DATA UNDER STUDY below:

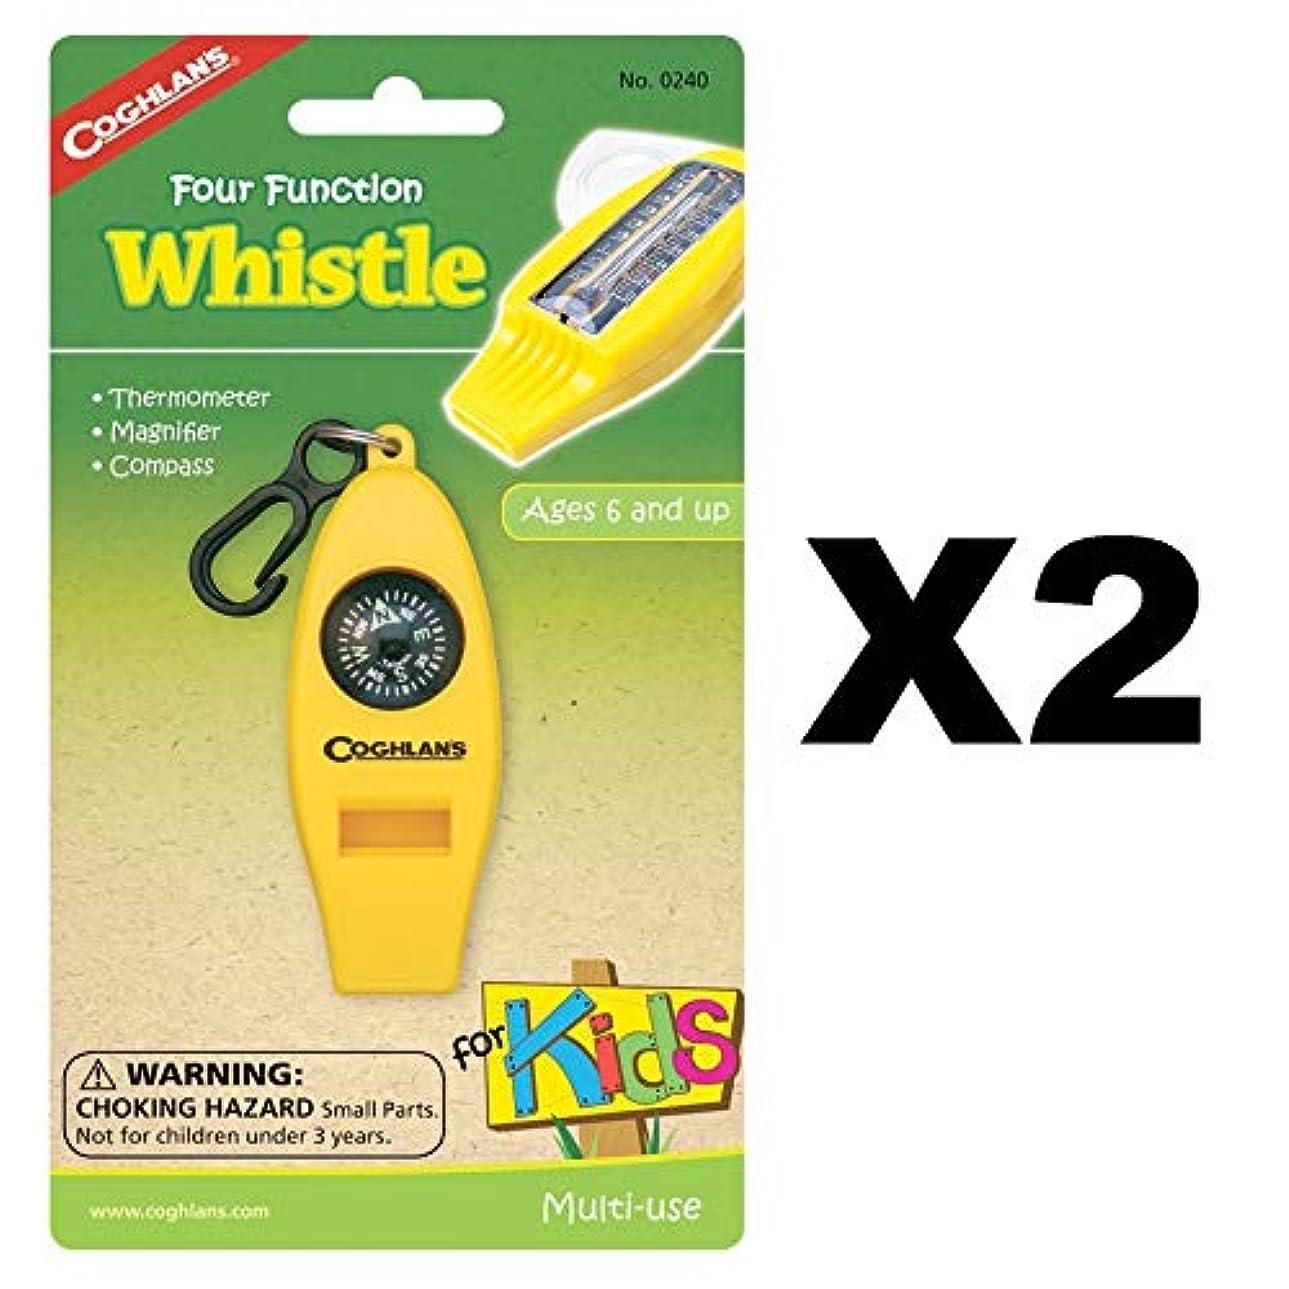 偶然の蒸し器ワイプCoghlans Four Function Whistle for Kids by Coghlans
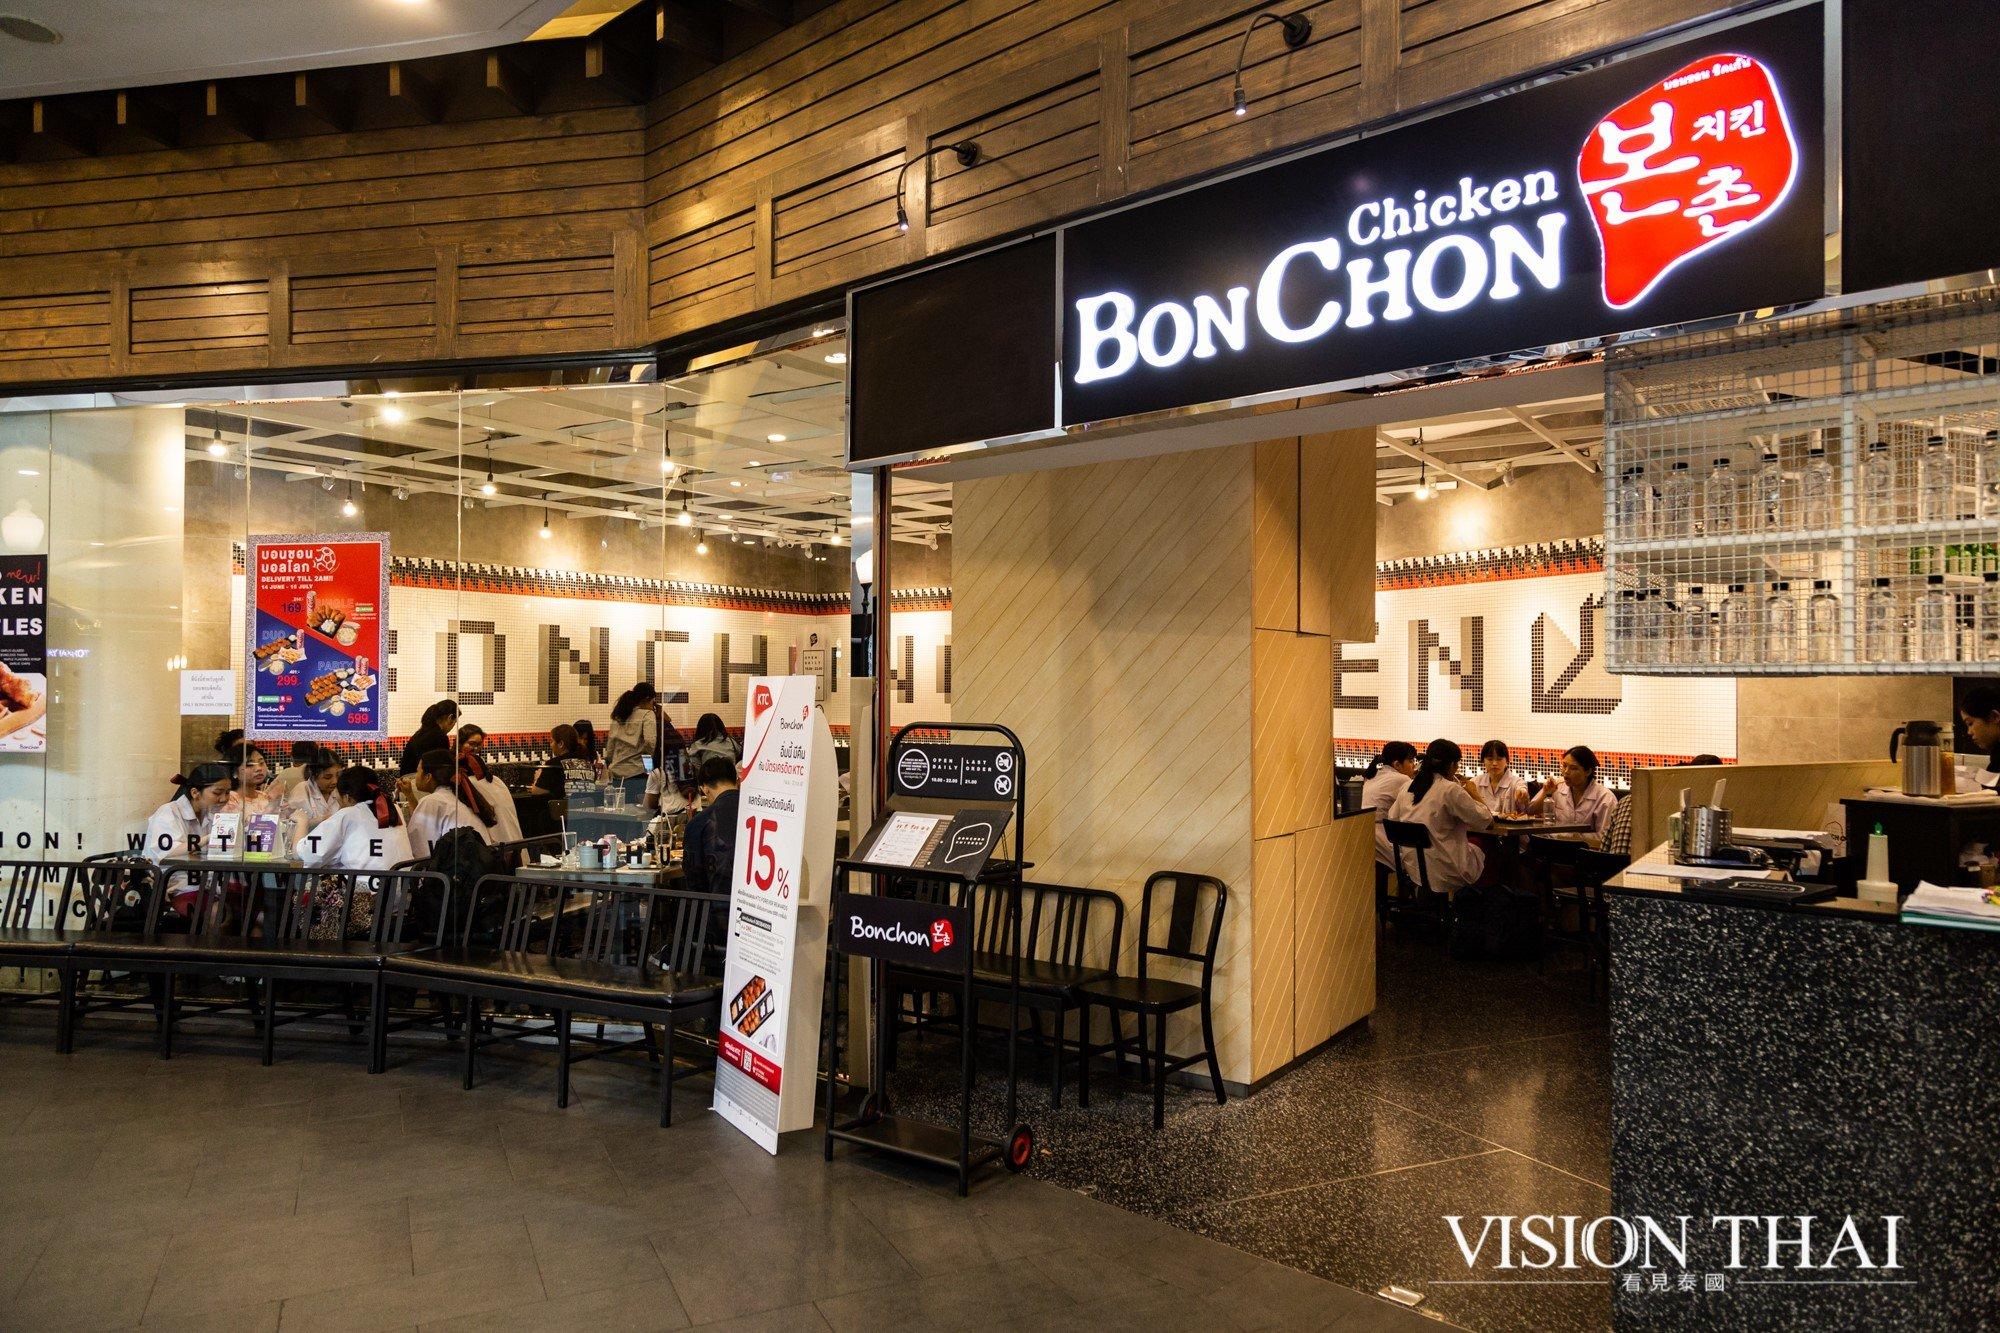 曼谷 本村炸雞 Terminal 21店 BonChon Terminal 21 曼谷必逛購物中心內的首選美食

End of DATA UNDER STUDY.
DATA UNDER STUDY below:

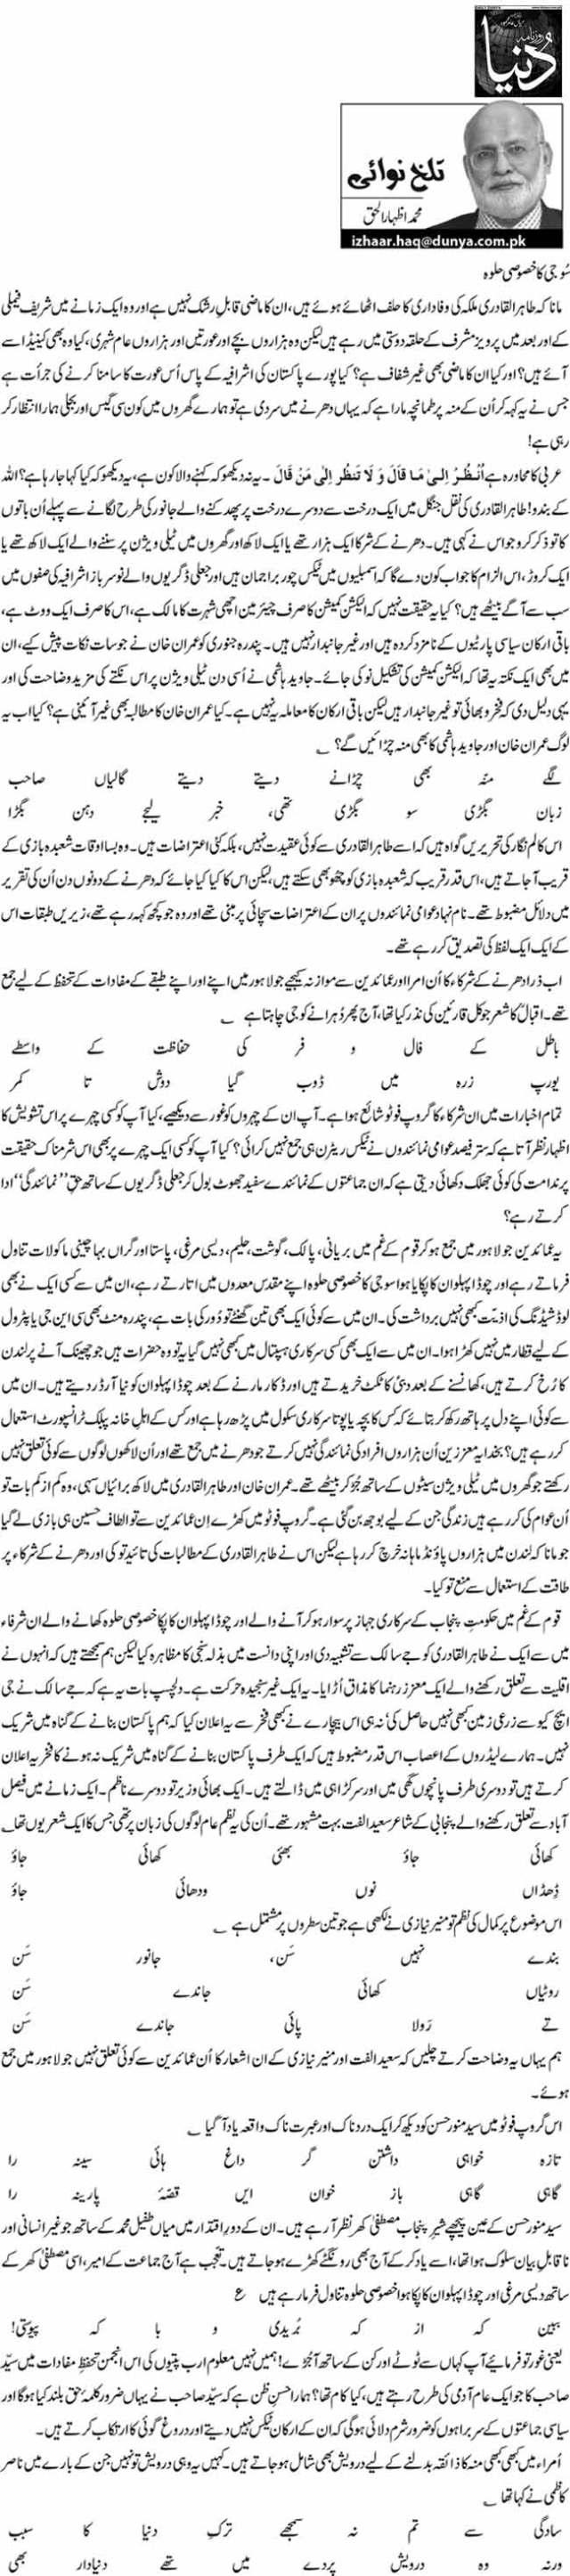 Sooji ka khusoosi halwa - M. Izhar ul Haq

End of DATA UNDER STUDY.

▶ [WHAT THIS TASK INVOLVES]: Within the listing above, extract exactly the lines that run from the one containing "偶然の蒸し器ワイプCoghlans Four Function" through the one containing "曼谷 本村炸雞 Terminal", excluding any pictures.

▶ [ANSWER SECTION]:
 偶然の蒸し器ワイプCoghlans Four Function Whistle for Kids by Coghlans
 曼谷 本村炸雞 Terminal 21店 BonChon Terminal 21 曼谷必逛購物中心內的首選美食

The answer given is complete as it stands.